#27577 closed Bug (invalid)
Django annotated query returns wrong results
Reported by: | Mahmood Khan | Owned by: | nobody |
---|---|---|---|
Component: | Database layer (models, ORM) | Version: | 1.10 |
Severity: | Normal | Keywords: | annotated query |
Cc: | Triage Stage: | Unreviewed | |
Has patch: | no | Needs documentation: | no |
Needs tests: | no | Patch needs improvement: | no |
Easy pickings: | no | UI/UX: | no |
Description
I have three related models listed below and I would like to run an aggregate query to give me the total number of tasks completed by person but only those tasks that are in a specific folder.
class Person(models.Model): firstName = models.CharField(max_length=100, null=True, blank=True) lastName = models.CharField(max_length=100, null=True, blank=True) class Folder(models.Model): title = models.CharField(max_length=254, null=True, blank=True) assignees = models.ManyToManyField(Person, related_name="projects") completedDate = models.DateTimeField(blank=True, null=True) class Task(models.Model): title = models.CharField(max_length=254, null=True, blank=True) assignees = models.ManyToManyField(Person, related_name="tasks") folders = models.ManyToManyField(Folder, related_name="tasks")
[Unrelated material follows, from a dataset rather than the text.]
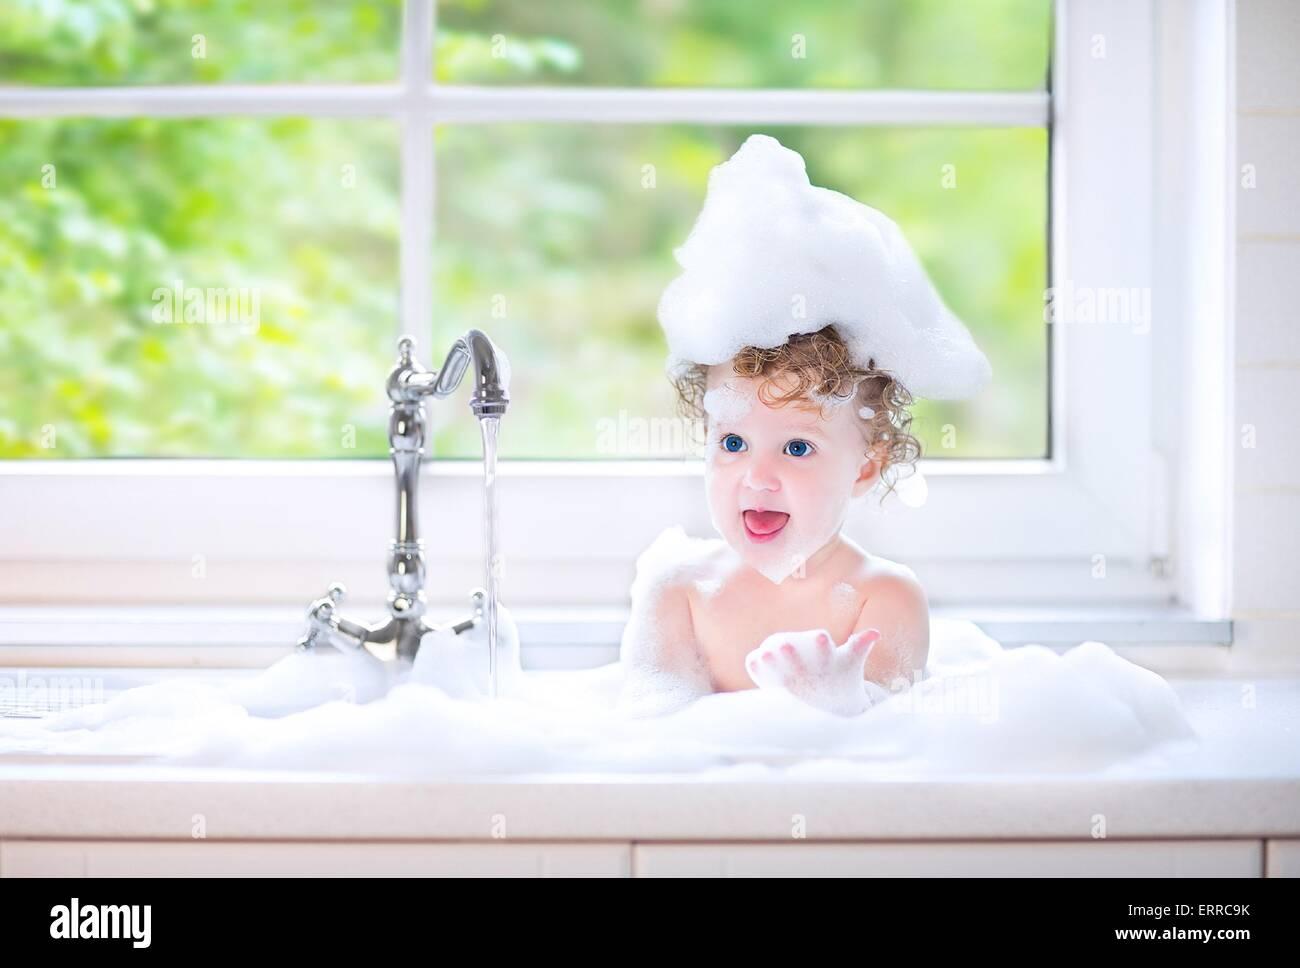 Girl Taking Bath In Tub Bathtub Stock Photos & Girl Taking Bath In ...

And here is my attempted query:
tasks = Contact.objects.filter(tasks__folders__id='I58343DS89ASDF').distinct().filter(tasks__completedDate__gte='2016-10-01 00:00:00').annotate(total=Count('tasks'), name=F('firstName')).values('total', 'name')
This is giving me an incorrect count. So I inspected the SQL statement that is generated by this Django query. The SQL statement is:
SELECT DISTINCT COUNT(`wrike_task_assignees`.`task_id`) AS `total`, `wrike_contact`.`firstName` AS `name` FROM `wrike_contact` INNER JOIN `wrike_task_assignees` ON (`wrike_contact`.`id` = `wrike_task_assignees`.`contact_id`) INNER JOIN `wrike_task` ON (`wrike_task_assignees`.`task_id` = `wrike_task`.`id`) INNER JOIN `wrike_task_folders` ON (`wrike_task`.`id` = `wrike_task_folders`.`task_id`) INNER JOIN `wrike_task_assignees` T6 ON (`wrike_contact`.`id` = T6.`contact_id`) INNER JOIN `wrike_task` T7 ON (T6.`task_id` = T7.`id`) WHERE (`wrike_task_folders`.`folder_id` = I58343DS89ASDF AND T7.`completedDate` >= 2016-10-01 00:00:00) GROUP BY `wrike_contact`.`id` ORDER BY NULL
And a nicely formatted version is:
SELECT DISTINCT COUNT(ta.task_id) AS `total`, c.firstName AS `name` FROM wrike_contact c INNER JOIN wrike_task_assignees ta ON (c.id = ta.contact_id) INNER JOIN wrike_task t ON (ta.task_id = t.id) INNER JOIN wrike_task_folders tf ON (t.id = tf.task_id) INNER JOIN wrike_task_assignees T6 ON (c.id = T6.contact_id) INNER JOIN wrike_task T7 ON (ta.task_id = T7.id) WHERE (tf.folder_id = 'I58343DS89ASDF' AND t.completedDate >= '2016-10-01 00:00:00') GROUP BY c.id ORDER BY NULL
Notice that a couple INNER JOIN are repeated twice -- not sure why.
If I remove those duplicate INNER JOIN and then run the query, the results are correct. Here is the version of SQL statement in which I removed the duplicate INNER JOIN segments:
SELECT DISTINCT c.firstName AS name, COUNT(ta.task_id) AS `total` FROM wrike_contact c INNER JOIN wrike_task_assignees ta ON (c.id = ta.contact_id) INNER JOIN wrike_task t ON (ta.task_id = t.id) INNER JOIN wrike_task_folders tf ON (t.id = tf.task_id) WHERE (tf.folder_id = 'I58343DS89ASDF' AND t.completedDate >= '2016-10-01 00:00:00') GROUP BY c.id ORDER BY name;
I have searched the forum and couldn't find that this issue is already reported. So I reporting it here.
Hi Mahmood,
Thanks for filing this report with all the details. The behavior you're seeing may not be completely intuitive, but it is done this way on purpose and it is documented: https://docs.djangoproject.com/en/1.10/topics/db/queries/#spanning-multi-valued-relationships
Hope this helps,
Shai.